Et c'est pour cela que le mois dernier quand j'ai switché, j'ai conservé mon serveur pop neuf après m'être cassé les dents sur ce problème


----------



## Marteaub (31 Janvier 2010)

J'avais le même problème depuis environs 3 jours : plus aucun message relevé dans mail sur ma messagerie xxx@neuf.fr, alors même que je n'avais rien modifié sur mail. :mouais:

Tout vérifié et essayé : paramètres du compte, serveur, création d'un nouveau compte....

Et puis tout bêtement je me suis connecté au webmail neuf/sfr. J'avais environ 150 messages sur leur serveur. 

J'ai supprimé la grande majorité de ces messages directement dans le webmail, et depuis je reçois de nouveau mes mails dans mail normalement. 

En fait, c'était juste ma boite neuf qui était saturée ou quelque chose comme ça.


----------



## tsss (31 Janvier 2010)

Marteaub a dit:


> .
> En fait, c'était juste ma boite neuf qui était saturée ou quelque chose comme ça.



D'ou l'intérêt de passer au protocole imap (compatible avec le 9 entre autres), afin de pouvoir gérer au mieux sa bal depuis Mail !  

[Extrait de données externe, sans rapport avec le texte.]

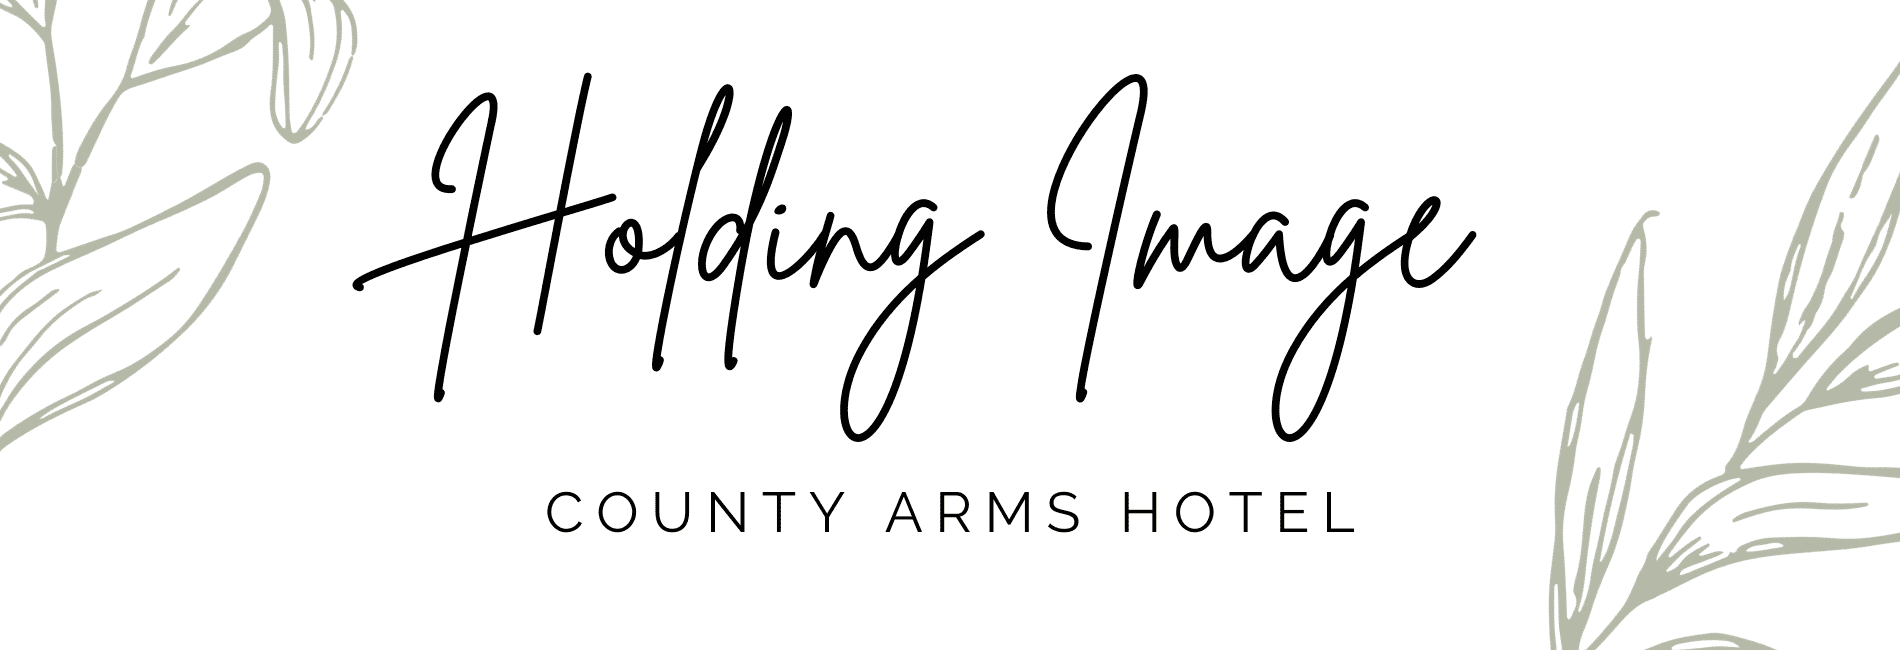 Holding image cms-county-arms-hotel
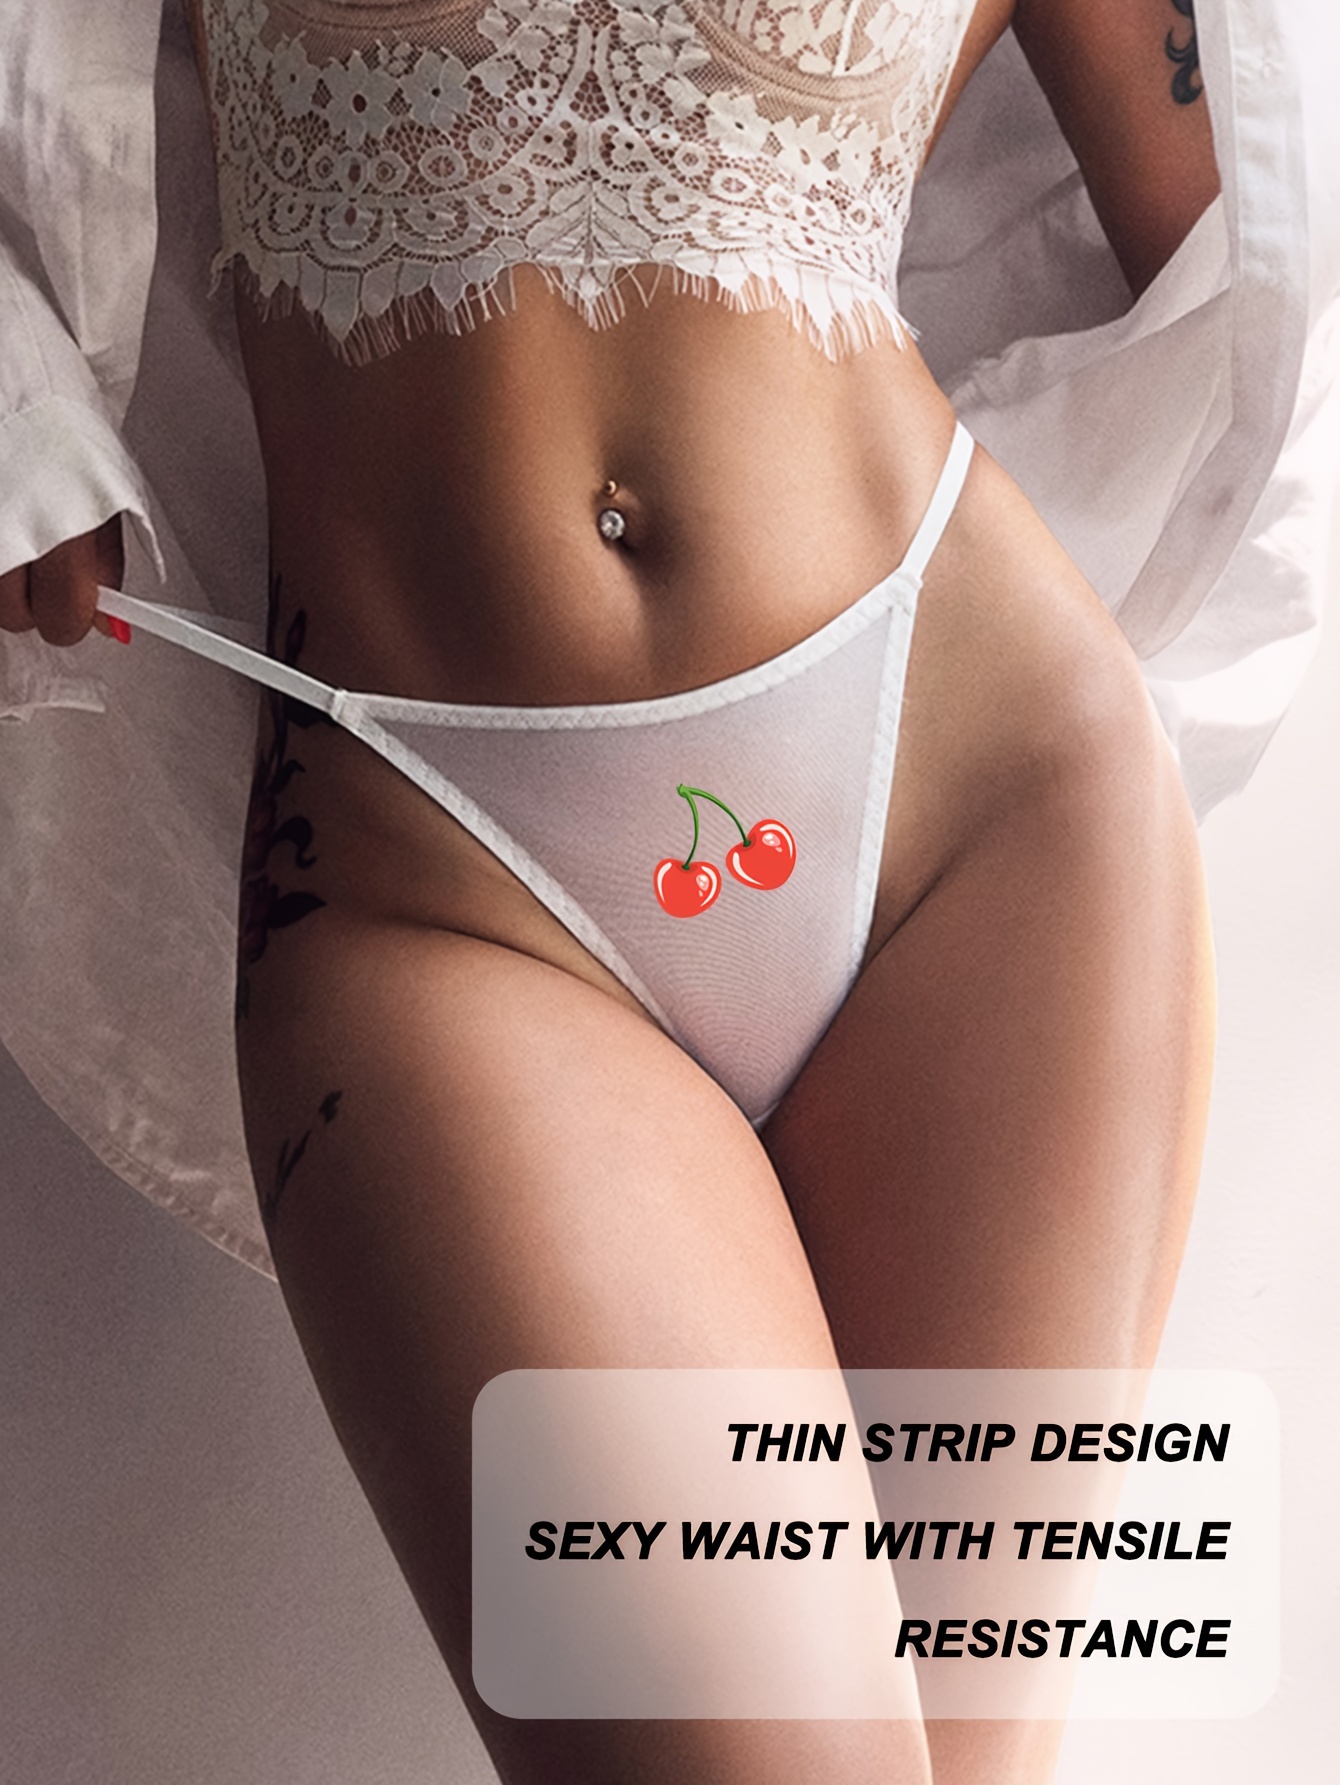 Strawberry Printed Thong Panties Stripper Thong Sexy Underwear Sexy Lingerie  Strawberry Lingerie Women's Underwear Thong Panties G-string

Et donc éviter de saturer son webmail.


----------



## bouleyp (7 Mai 2010)

kezaos a dit:


> > Adresse de messagerie : votre adresse email principale en xxx@sfr.fr
> > Nom d'utilisateur ou de connexion: votre adresse email principale en xxx@sfr.fr
> > Mot de passe : le mot de passe POP que vous avez défini ci-avant
> > Serveur de courrier entrant POP3 : pop.sfr.fr
> ...





MERCI BEAUCOUP.   Votre astuce "smtp-auth.sfr.fr"   a été d'une efficacité phénoménale.
Nous sommes sauvées, après plus de 1h de recherches.
Gros bisous, nous sommes heureuses,  Sam et Dani


----------